Cookie Dough is not yet able to establish that it is likely to succeed on the merits. Therefore, this factor does not weigh in favor of granting Cookie Dough's motion.
C. Balance of Harms
The balance of harms factor “involves assessing the harm the movant would suffer absent an injunction, as well as the harm the other parties would experience if the injunction issued.” Prairie Field Servs., LLC v. Welsh, 497 F.Supp.3d 381, 404 (D. Minn. 2020). It is undisputed that granting the preliminary injunction would put Defendants out of business, ending a family's primary source of income and causing the owners to default on a $230,000 loan. (See Doc. No. 16, Ehrisman Decl. ¶¶ 16-17.) By contrast, in denying the request for preliminary injunction, Cookie Dough would potentially risk consumer confusion in a market where it cannot currently operate and may face an additional challenge in refranchising the area in the event it successfully registers to sell franchises in Minnesota.

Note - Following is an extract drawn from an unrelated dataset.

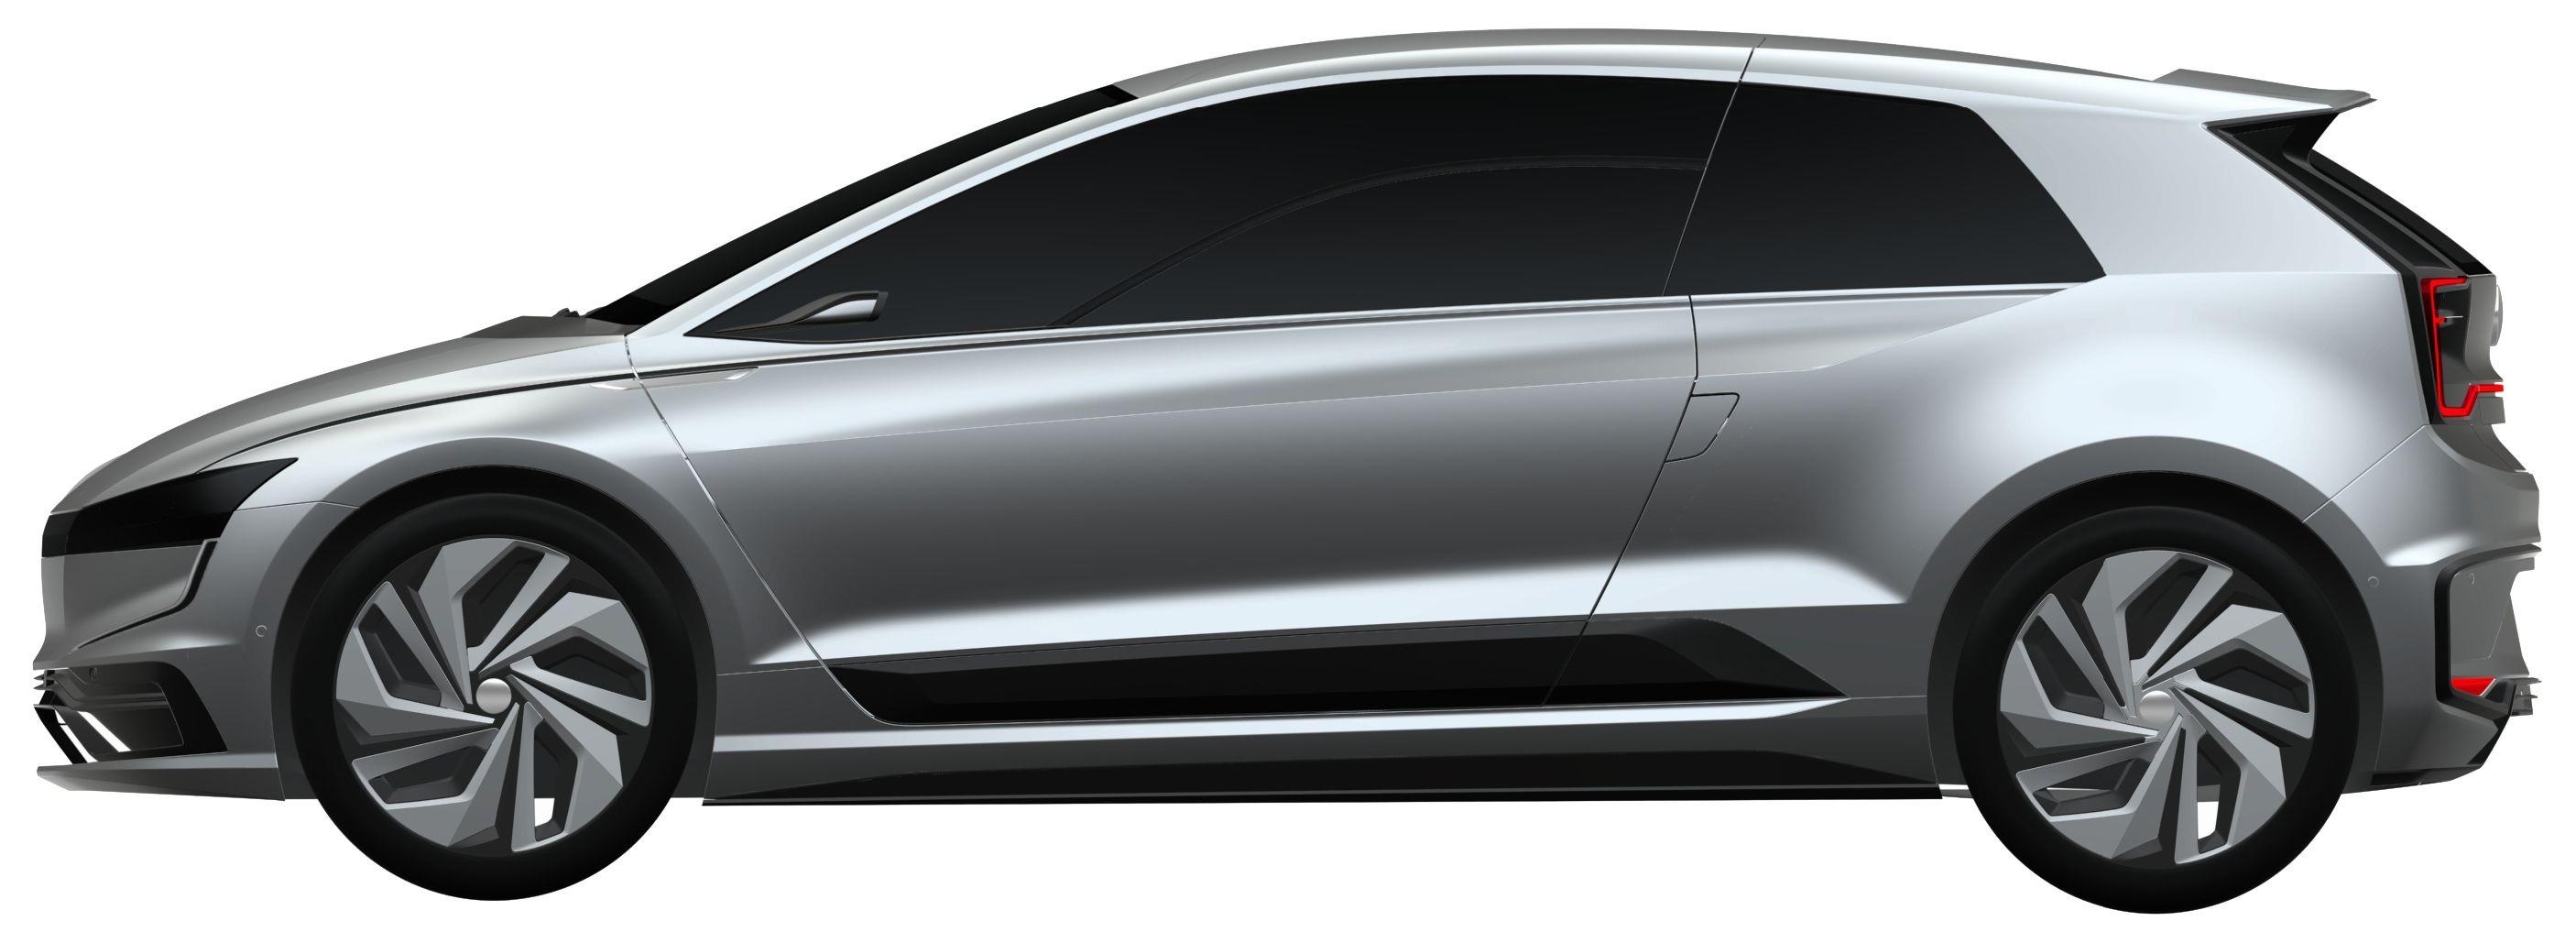 [Présentation] Le design par VW - Page 5 0201610056800501

Because any harm inflicted on Plaintiff is uncertain while the harm to Defendants is definite and significant, the balance of harms weighs in favor of denying the injunction.
D. Public Interest
The final factor to consider is public interest. Public interest supports both unrestrained competition and the upholding of contracts, two public interests confront each other similarly in the parties' respective positions. See Life Time Fitness, Inc. v. DeCelles, Civ. No. 12-420, 2012 WL 639453, at *4 (D. Minn. Feb. 28, 2012). This factor, therefore, is a neutral one.
After considering Cookie Dough's motion and the record evidence, three of the four Dataphase factors weigh against granting a preliminary injunction and the remaining factor is neutral. Cookie Dough's motion therefore is denied.
ORDER
IT IS HEREBY ORDERED that Plaintiff's Motion for Temporary Restraining Order and Preliminary Injunction in Aid of Arbitration (Doc. No. 6) is DENIED.